- **Data section**
BEGIN
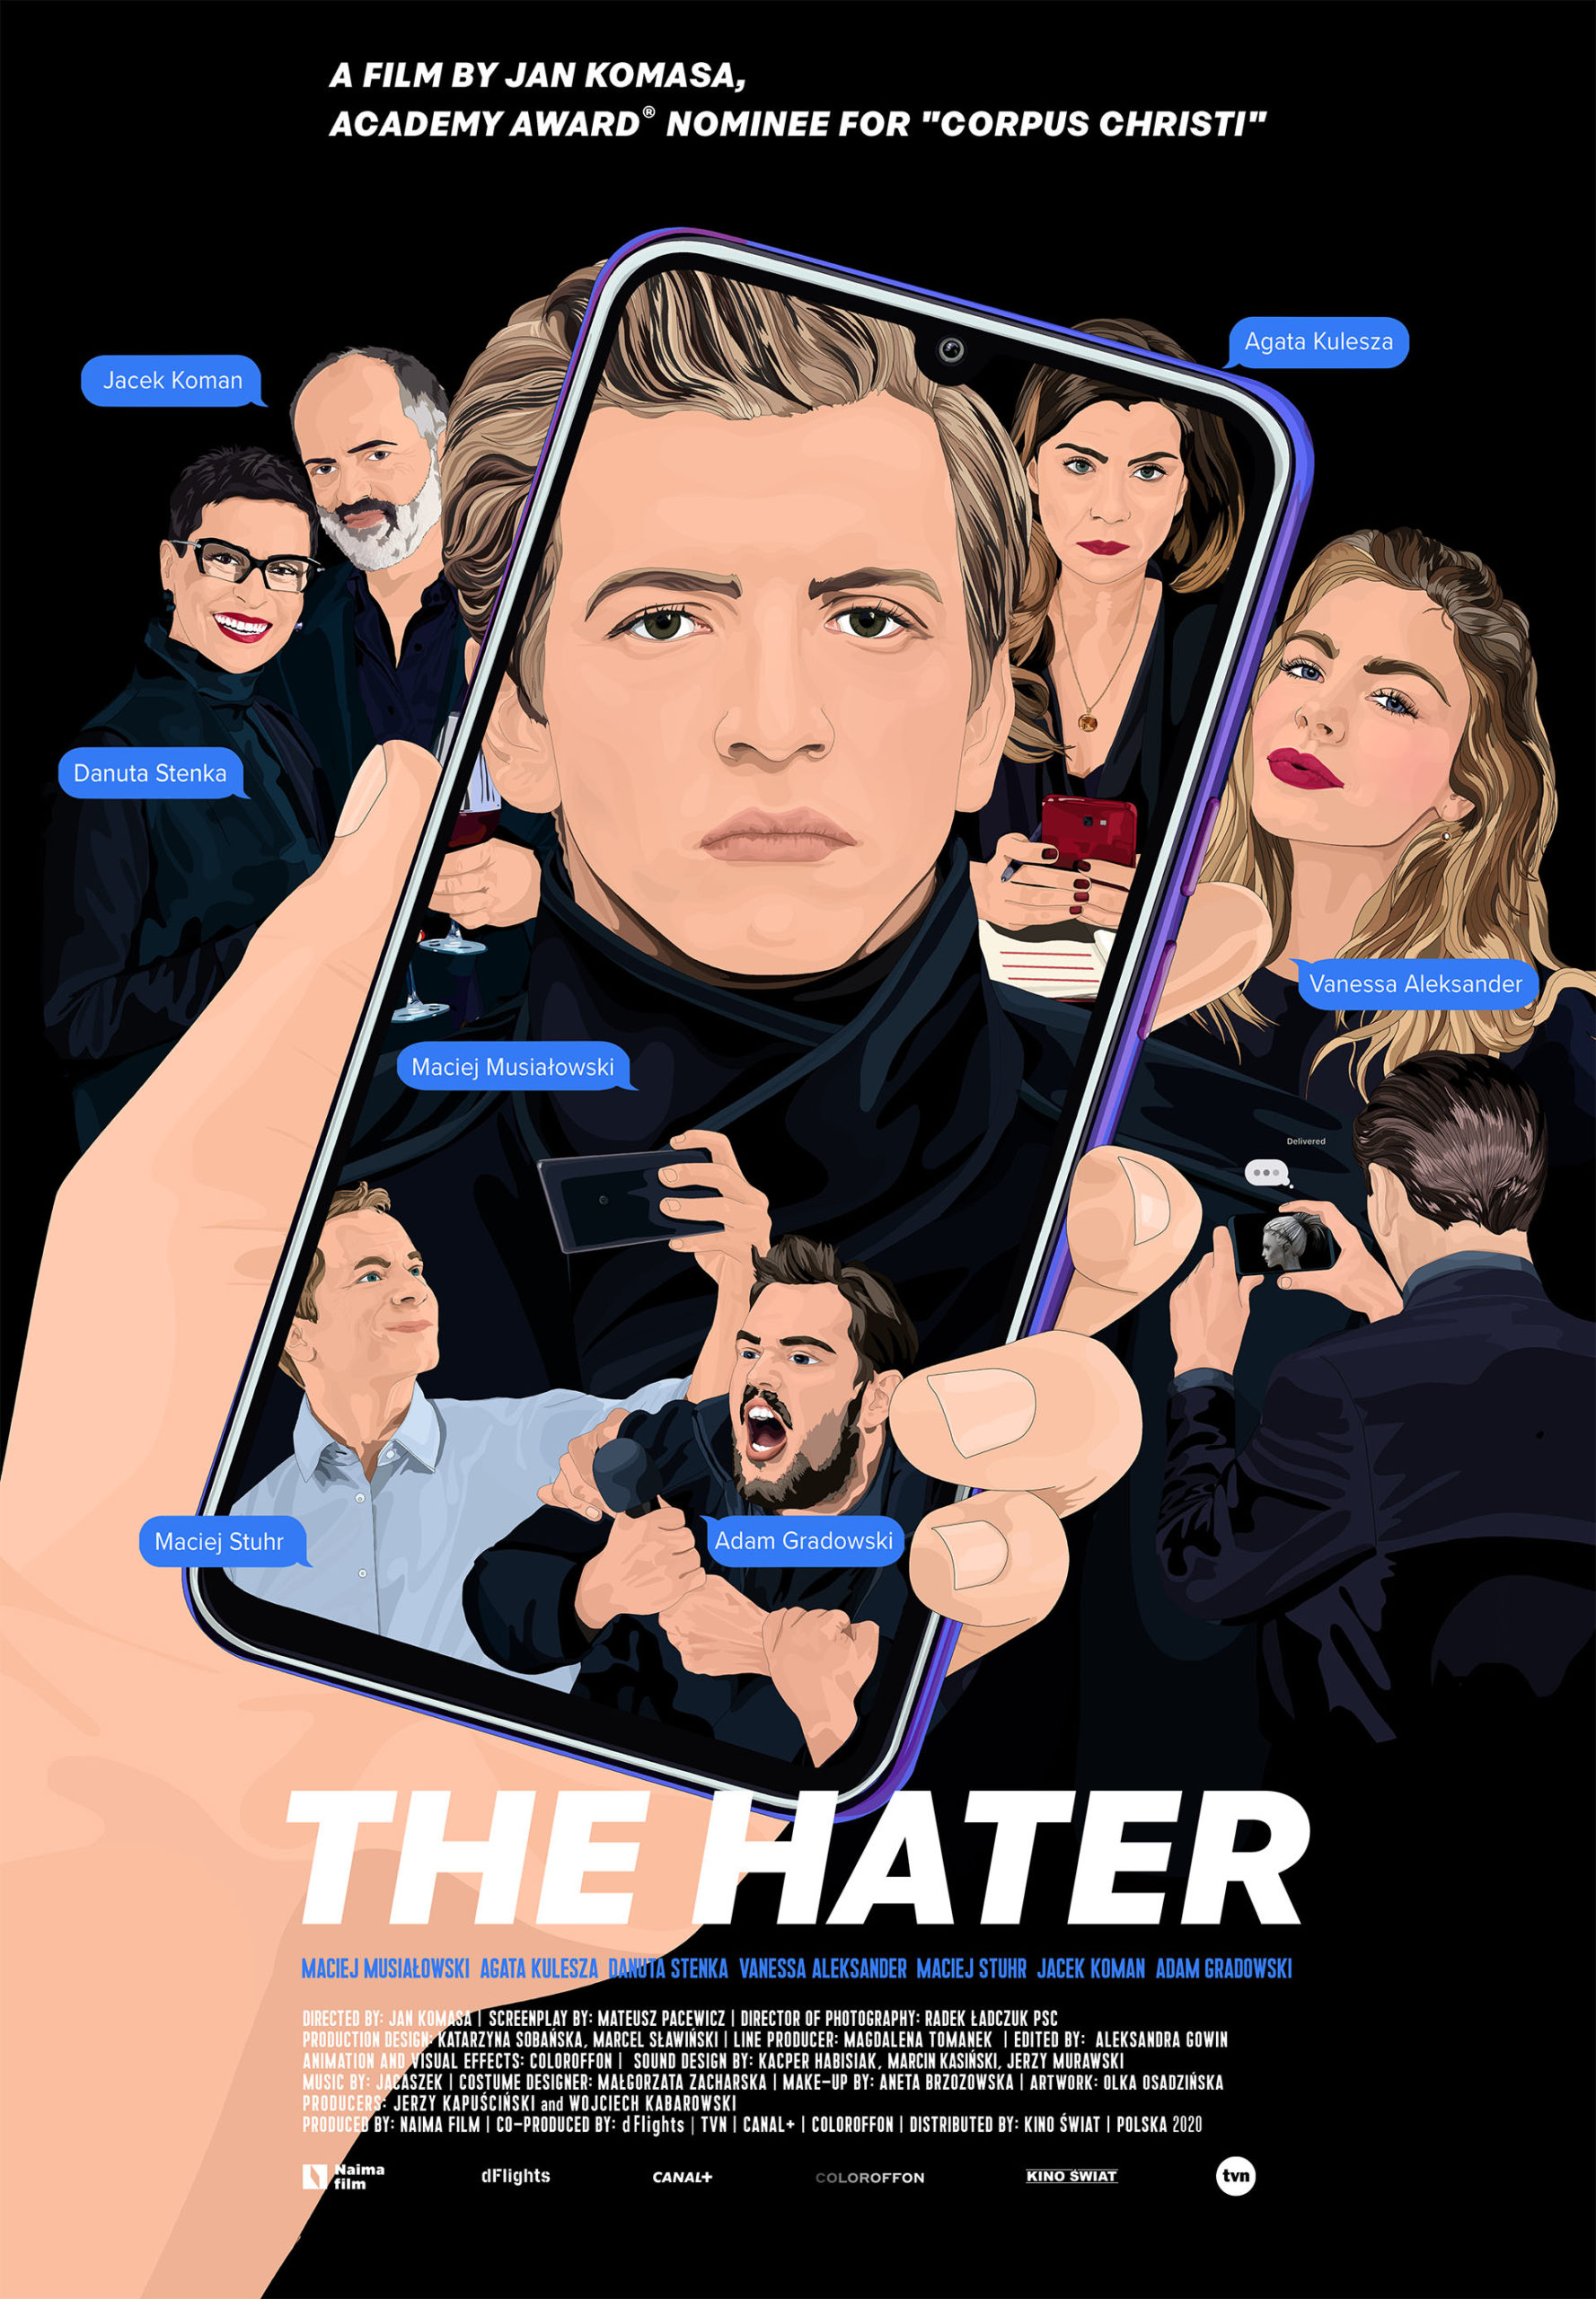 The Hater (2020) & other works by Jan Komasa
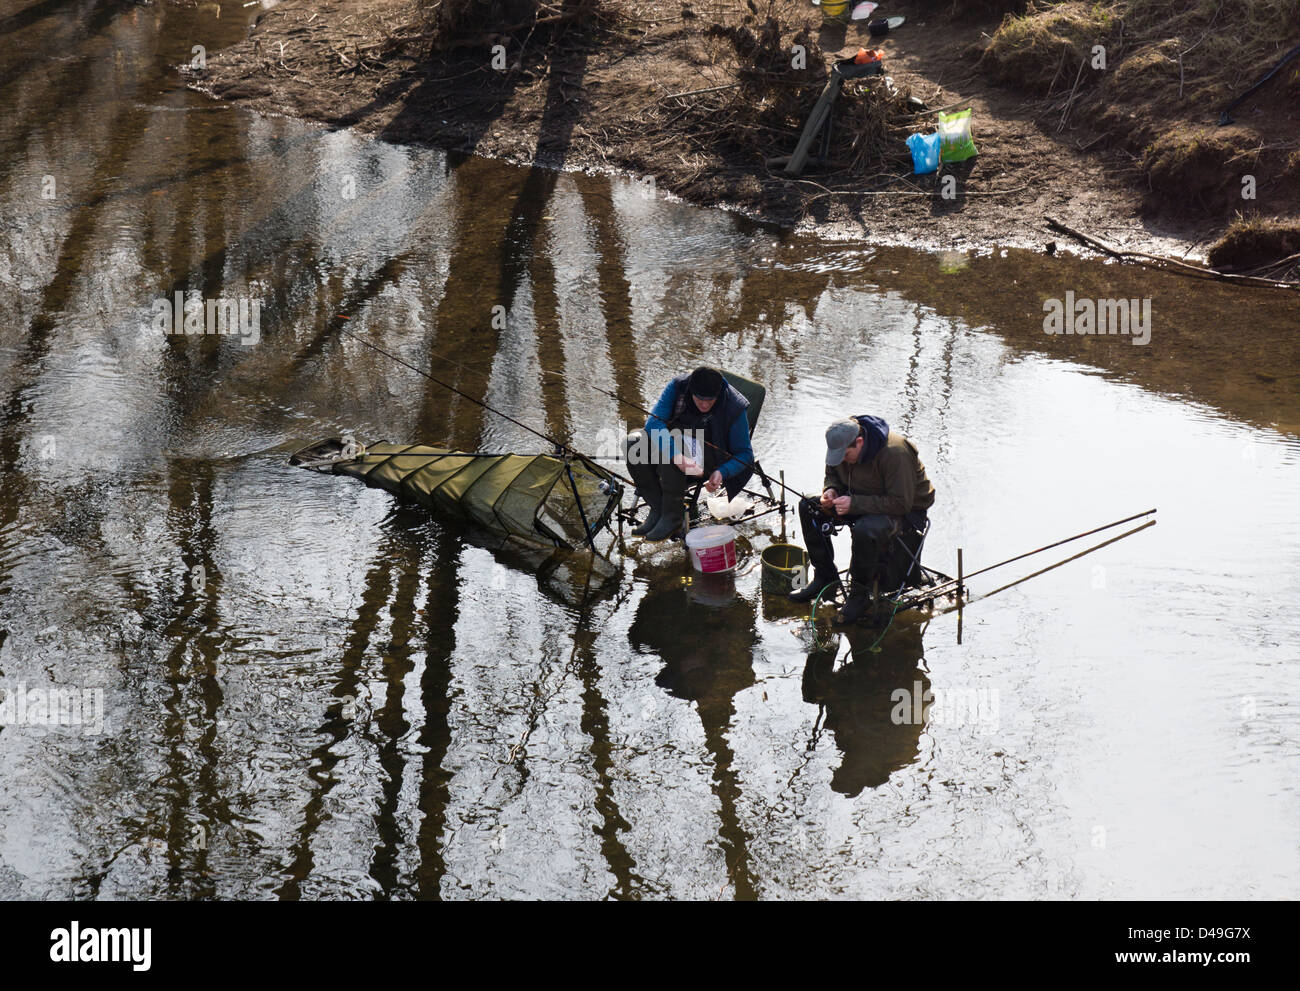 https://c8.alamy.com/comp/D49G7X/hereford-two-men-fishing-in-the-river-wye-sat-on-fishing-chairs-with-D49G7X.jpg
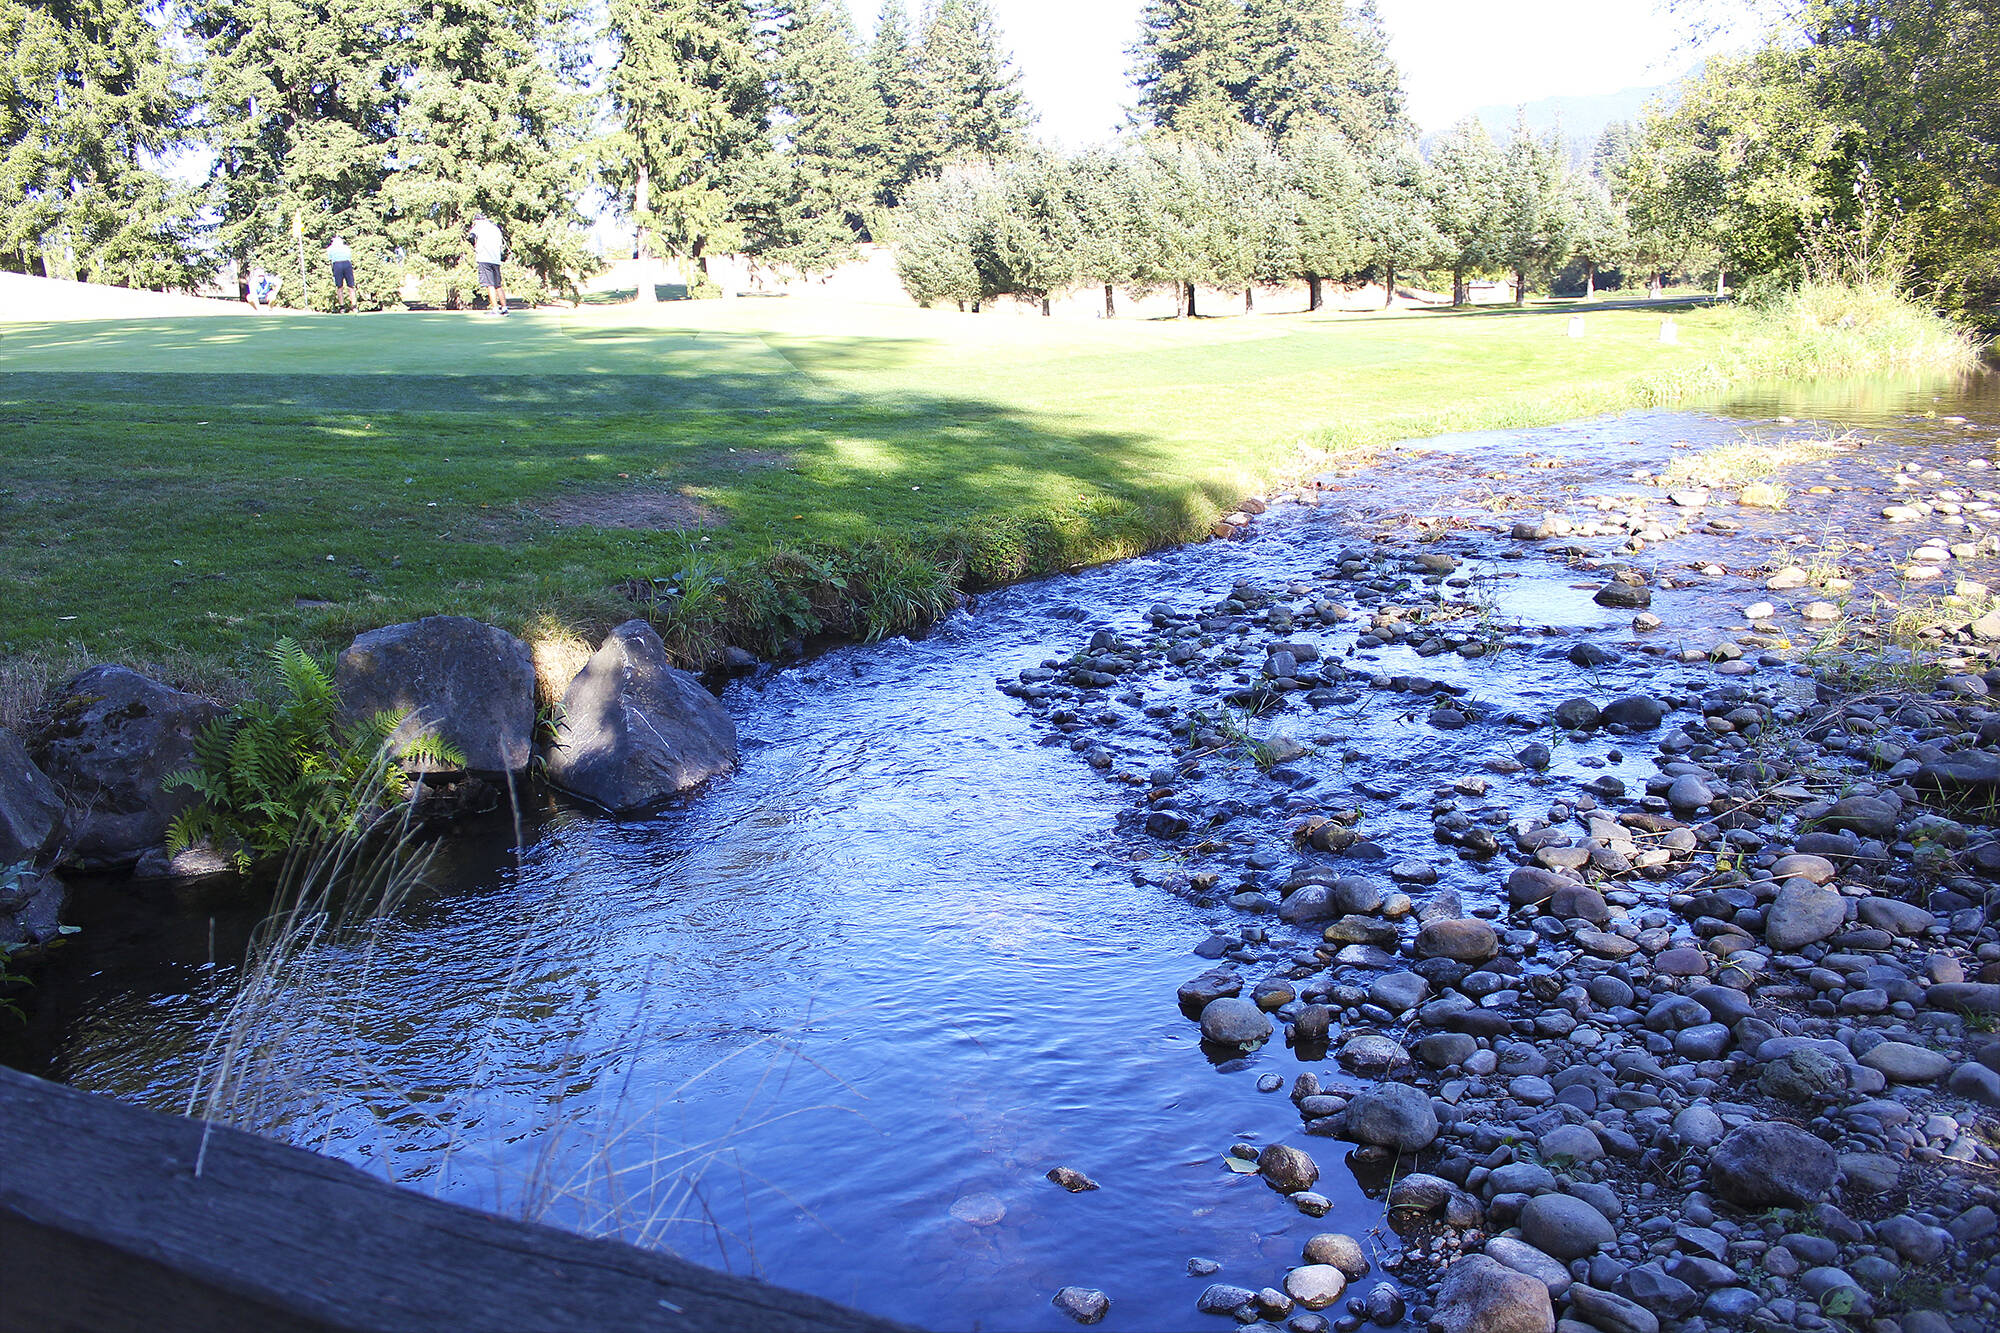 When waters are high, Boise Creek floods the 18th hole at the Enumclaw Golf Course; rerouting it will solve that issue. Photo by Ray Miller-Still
END
All of the material above is to be copied exactly, except for its images.

 The Hater (2020) & other works by Jan Komasa
 https://c8.alamy.com/comp/D49G7X/hereford-two-men-fishing-in-the-river-wye-sat-on-fishing-chairs-with-D49G7X.jpg
 When waters are high, Boise Creek floods the 18th hole at the Enumclaw Golf Course; rerouting it will solve that issue. Photo by Ray Miller-Still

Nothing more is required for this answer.